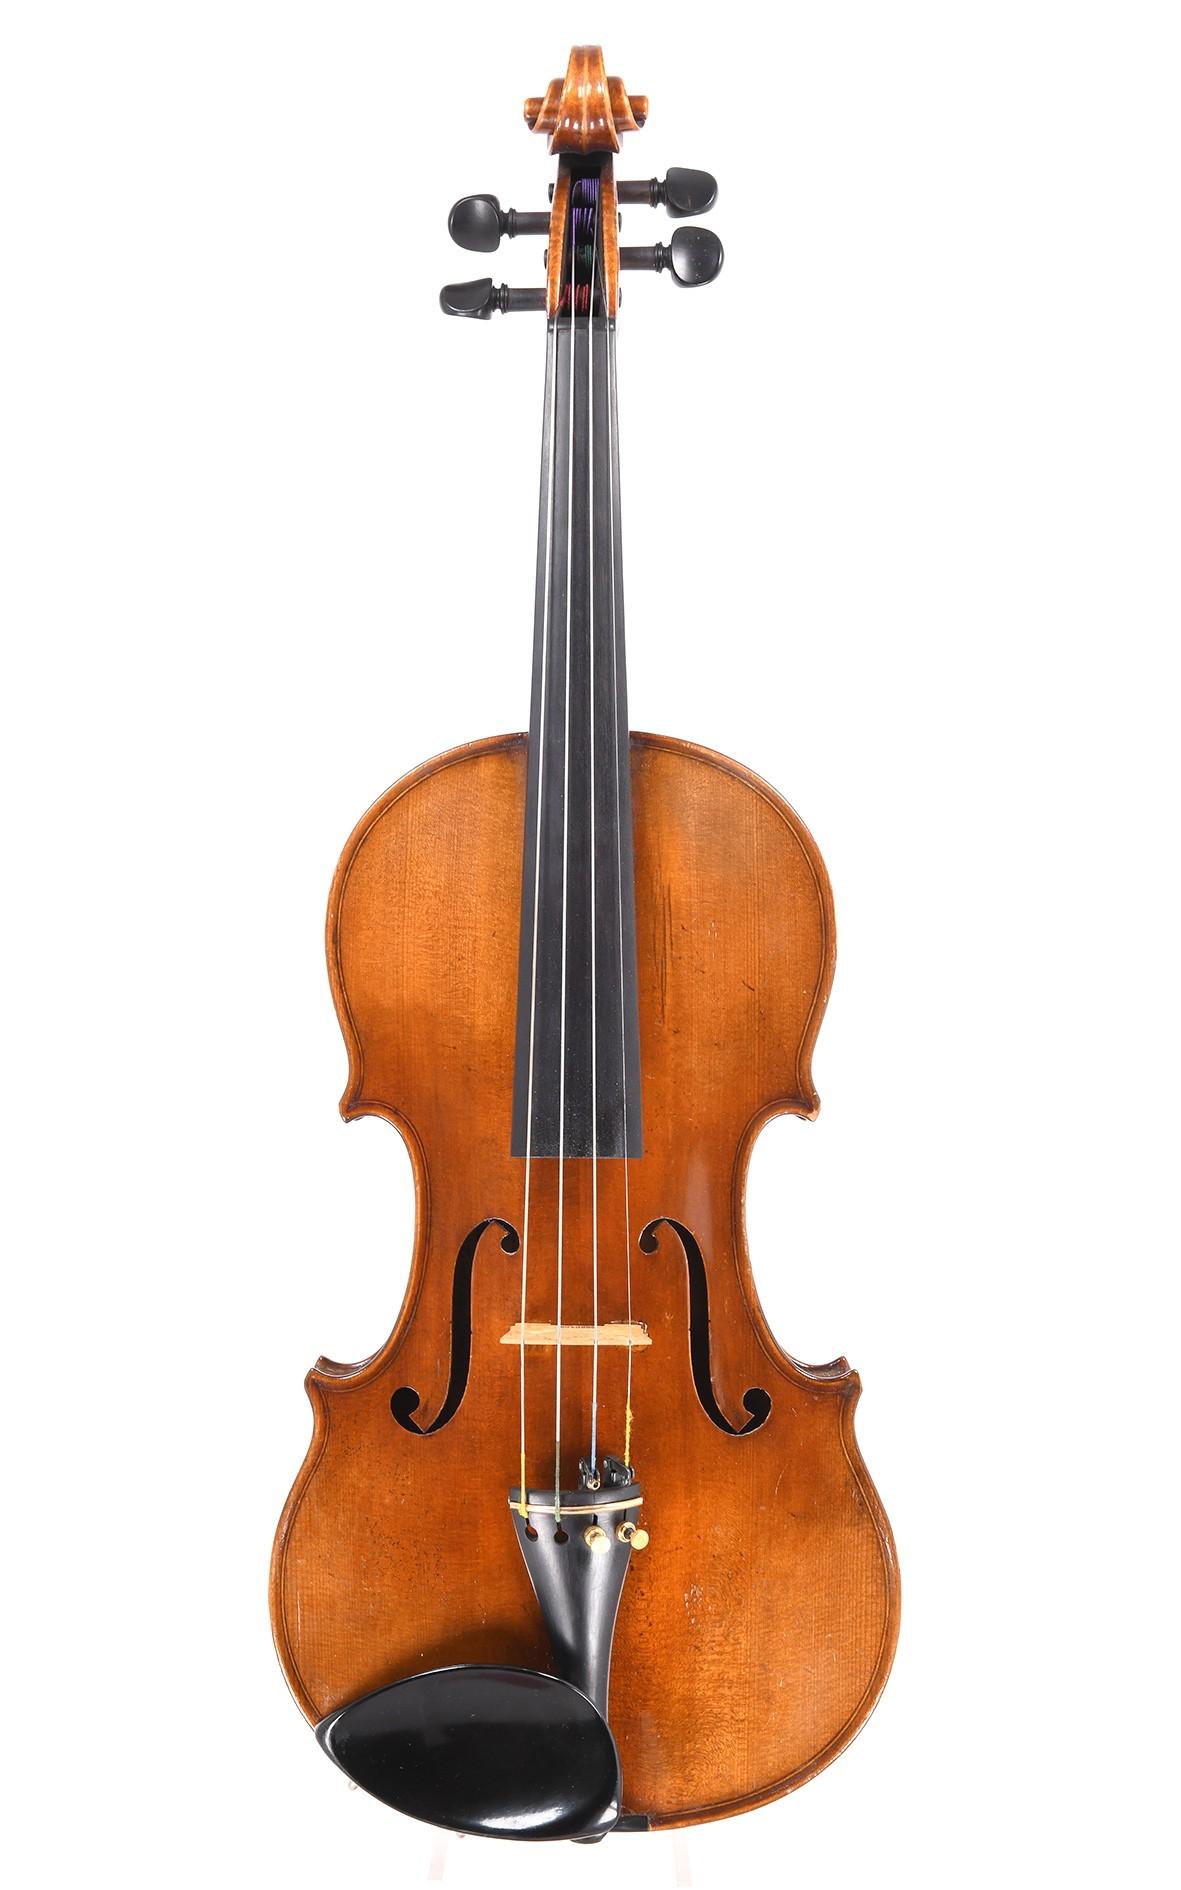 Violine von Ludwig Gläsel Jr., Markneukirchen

---

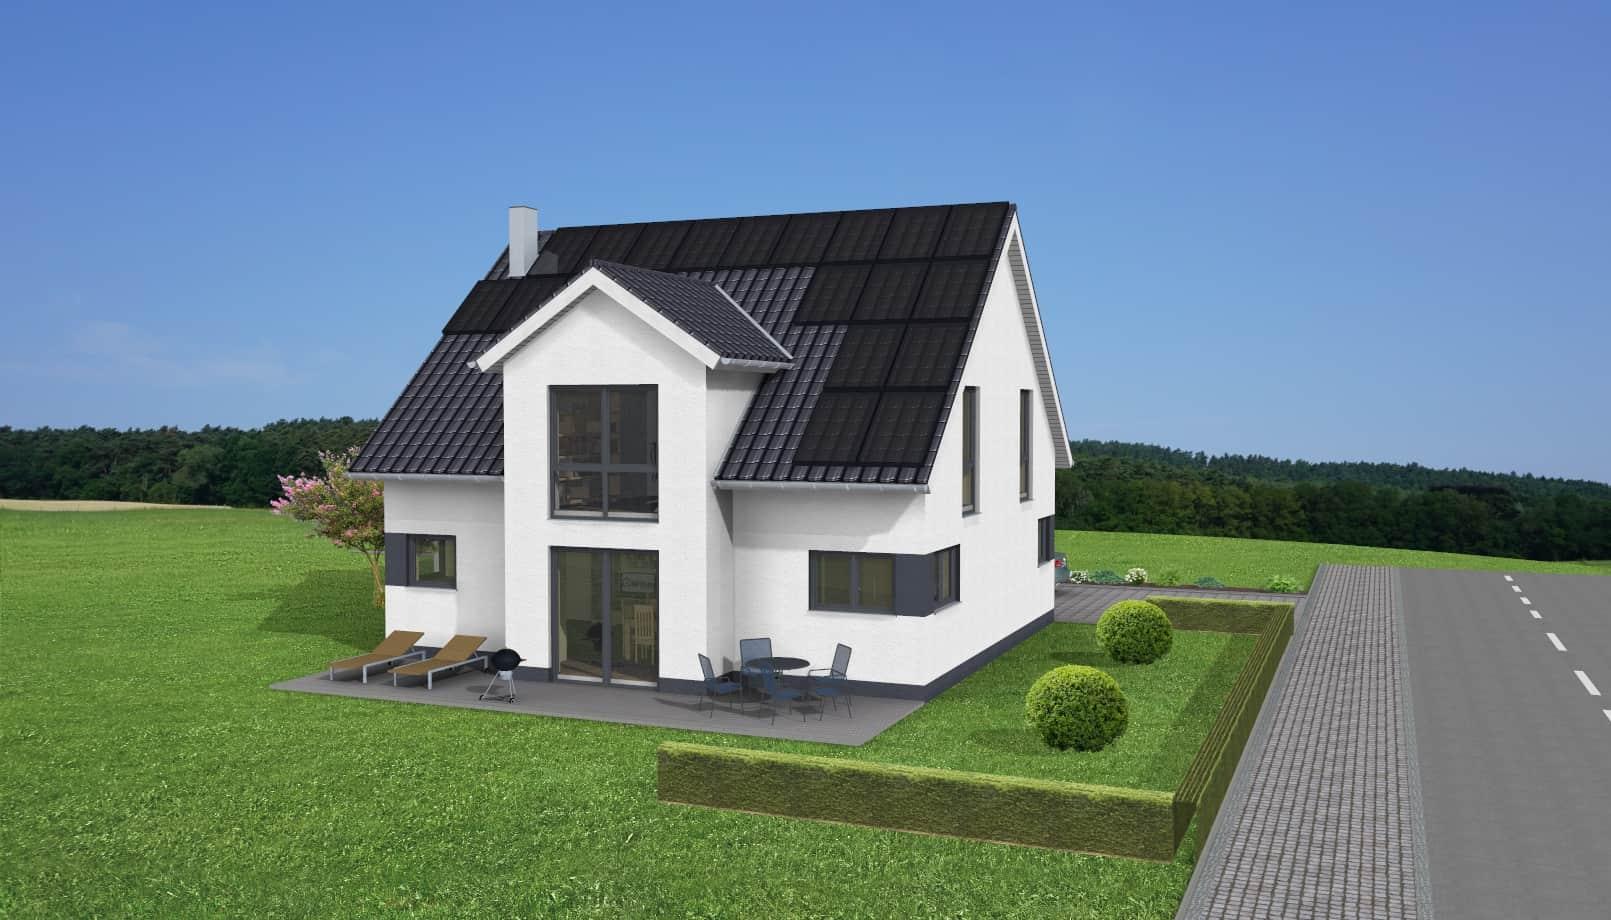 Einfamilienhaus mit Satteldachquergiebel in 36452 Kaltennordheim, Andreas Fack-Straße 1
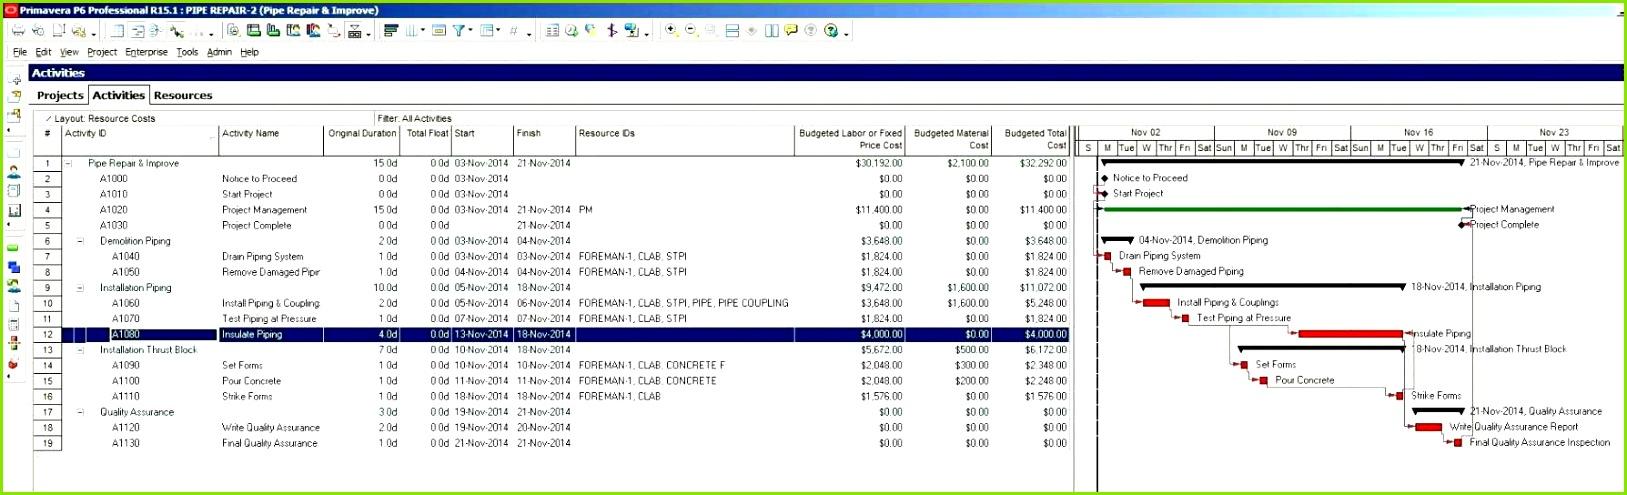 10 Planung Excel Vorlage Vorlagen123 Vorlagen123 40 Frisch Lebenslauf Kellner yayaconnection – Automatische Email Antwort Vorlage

* * *

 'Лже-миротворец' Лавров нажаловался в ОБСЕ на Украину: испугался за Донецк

### Task instructions
Repeat exactly the stretch of the listing above that starts with the line holding "Einfamilienhaus mit Satteldachquergiebel" and finishes with the line holding "10 Planung Excel", both included. Skip every picture.

### Exercise response
 Einfamilienhaus mit Satteldachquergiebel in 36452 Kaltennordheim, Andreas Fack-Straße 1
 10 Planung Excel Vorlage Vorlagen123 Vorlagen123 40 Frisch Lebenslauf Kellner yayaconnection – Automatische Email Antwort Vorlage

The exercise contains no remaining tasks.